Greil Marcus

American author, music journalist and cultural critic

Greil Marcus (born 1945) is an American author, music journalist and cultural critic notable for producing scholarly and literary essays that place rock music in a much broader framework of culture and politics than is customary in pop music journalism.

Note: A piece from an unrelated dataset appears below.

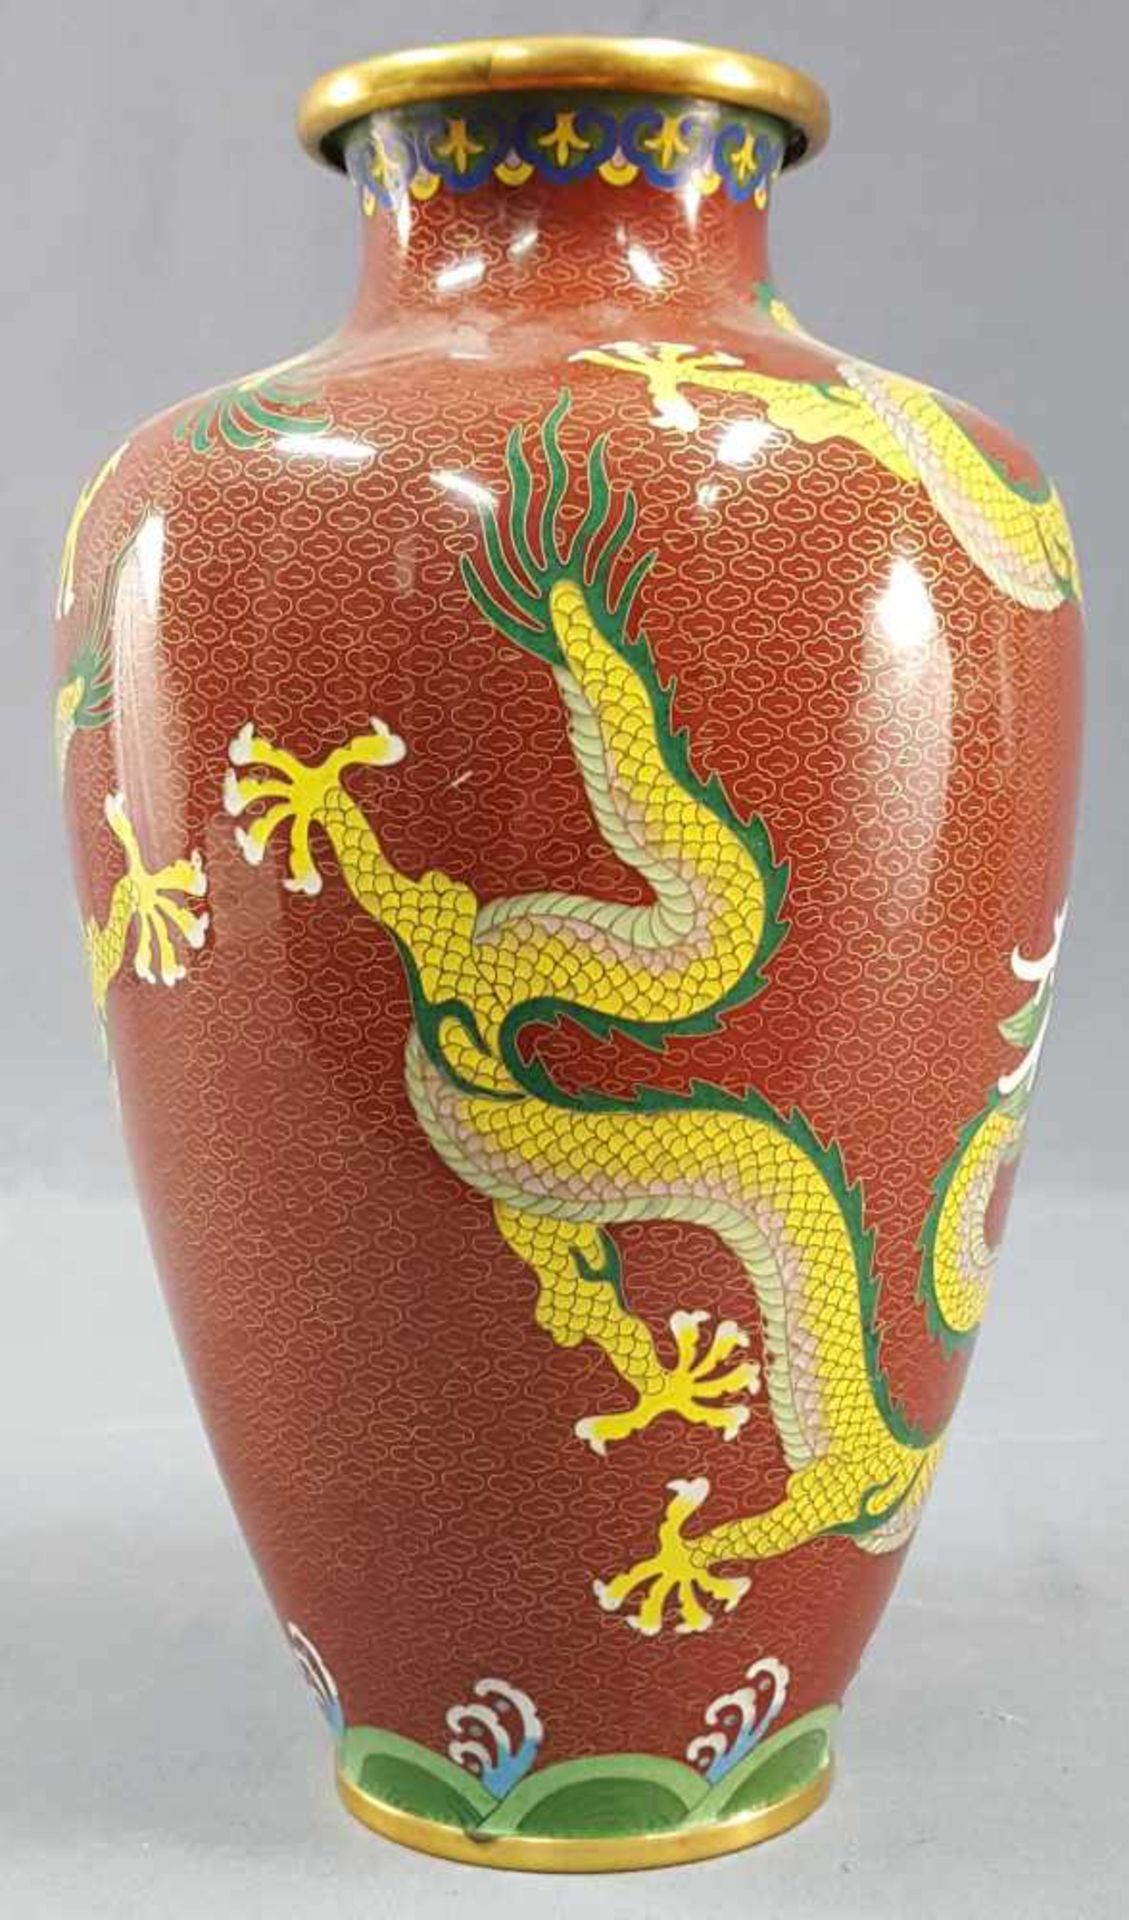 Cloisonne vase with imperial yellow dragon. - Image 2 of 6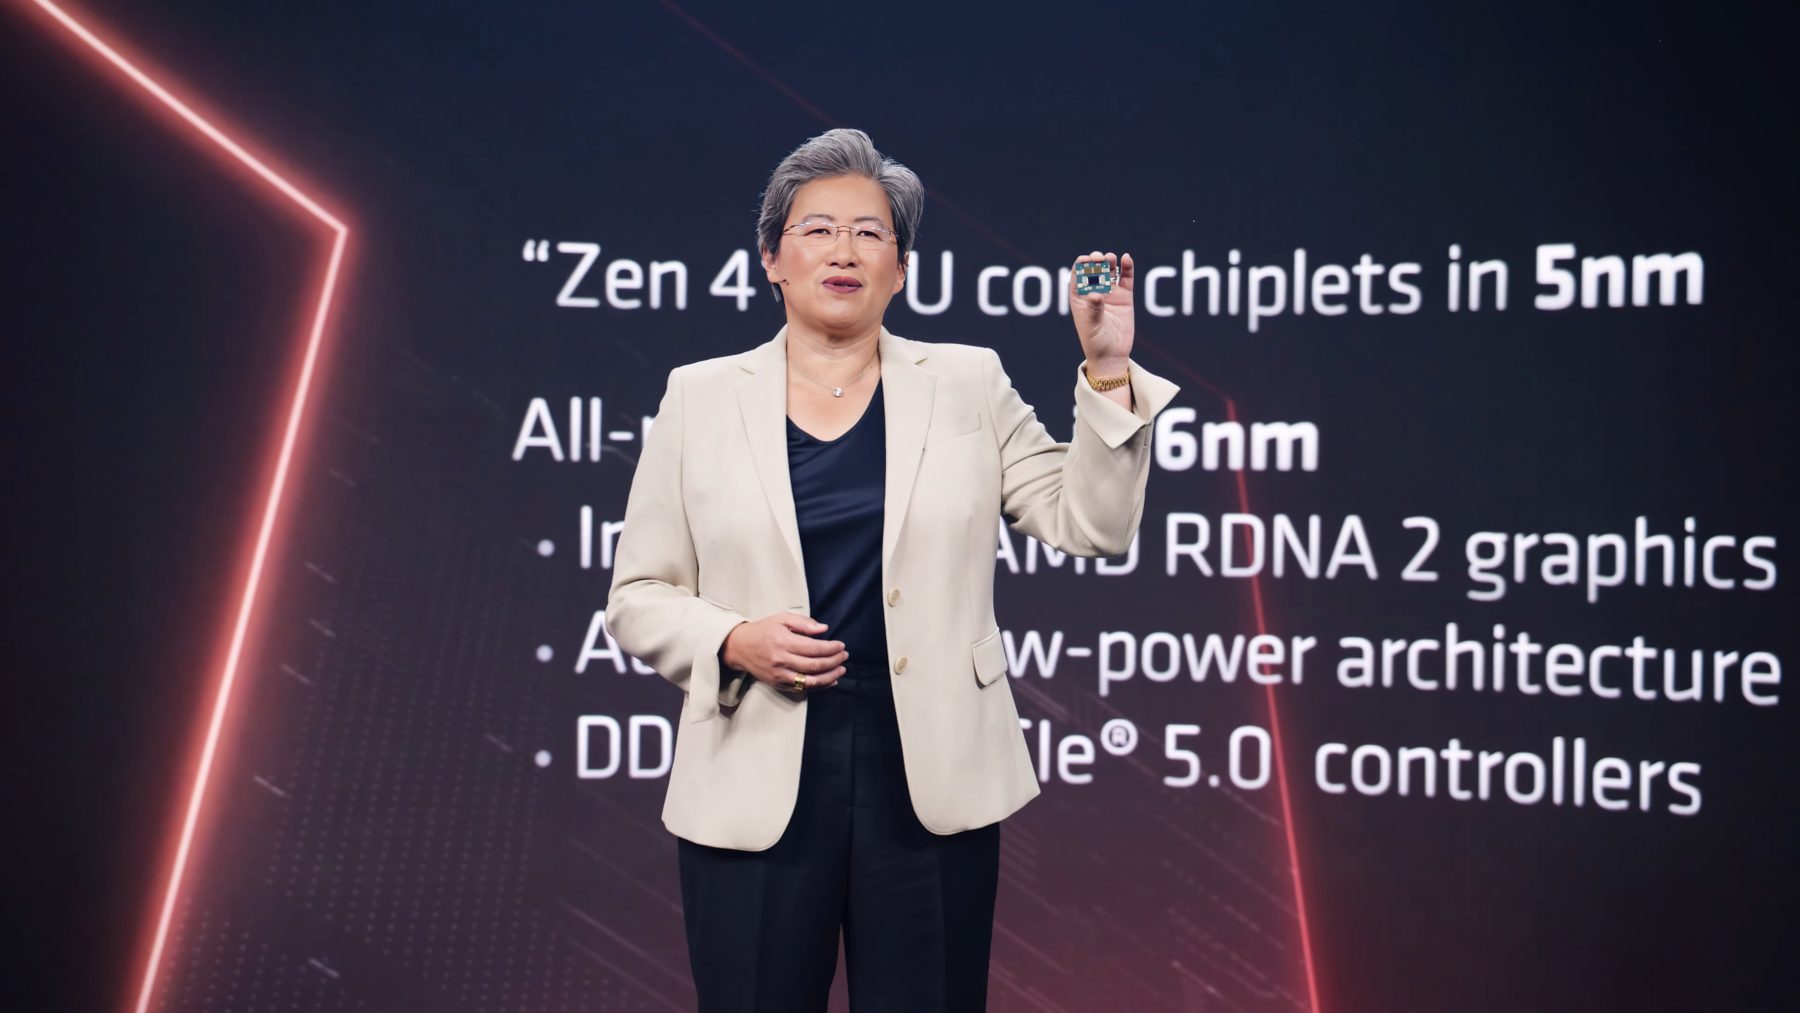 Amd Ryzen 7000 Detailed: Zen 4, Ddr5 And What To Expect

Complete freedom meant — no one knew. It was most readily defined in the negative: not this gap between the heaven promised in the new advertisements and the everyday satisfactions I can buy.

Quotes edit

  • ...as I write, Johnny Rotten's first moments in "Anarchy in the U.K."–a rolling earthquake of a laugh, a buried shout, then hoary words somehow stripped of all claptrap and set down in the city streets–I AM AN ANTICHRIST–Remain as powerful as anything I know. Listening to the record today–listening to the way Johnny Rotten tears at his lines, and then hurls the pieces at the world; recalling the all-consuming smile he produced as he sang–my back stiffens; I pull away even as my scalp begins to sweat.
  • Complete freedom meant — no one knew. It was most readily defined in the negative: not this gap between the heaven promised in the new advertisements and the everyday satisfactions I can buy. Not the sense that when I leave my work for my family, and bring my family to a Sunday in the park, my leisure feels like work. Not this mad conviction that I’m a stranger in my own home town, that at work I feel like a machine, that in the park I feel like an advertisement, that at home I feel like a tourist.
  • The moments of perfect pleasure in Johnson's songs, and the beauty of those songs, remind one that it is not the simple presence of evil that is unbearable; what is unbearable is the impossibility of reconciling the facts of evil with the beauty of the world.
    • Marcus on Robert Johnson in Mystery Train: Images of America in Rock 'n' Roll Music (1975, fourth revision May, 1997) p. 31.
  • Van Morrison remains a singer who can be compared to no other in the history of modern popular music.
    • When That Rough God Goes Riding: Listening to Van Morrison (2010).
  • While it's well known that as one gets older, one tends to find changes in the world at large unsettling, confusing, fucking irritating, a rebuke to one's very existence, it's generally not a good idea to make a career out of saying so. (emphasis in the original)
    • Marcus on Don Henley in his "Real Life Rock Top Ten" column in Salon (30 May 2000) reprinted in Real Life Rock: The Complete Top Ten Columns, 1986-2014 (2015), p. 206.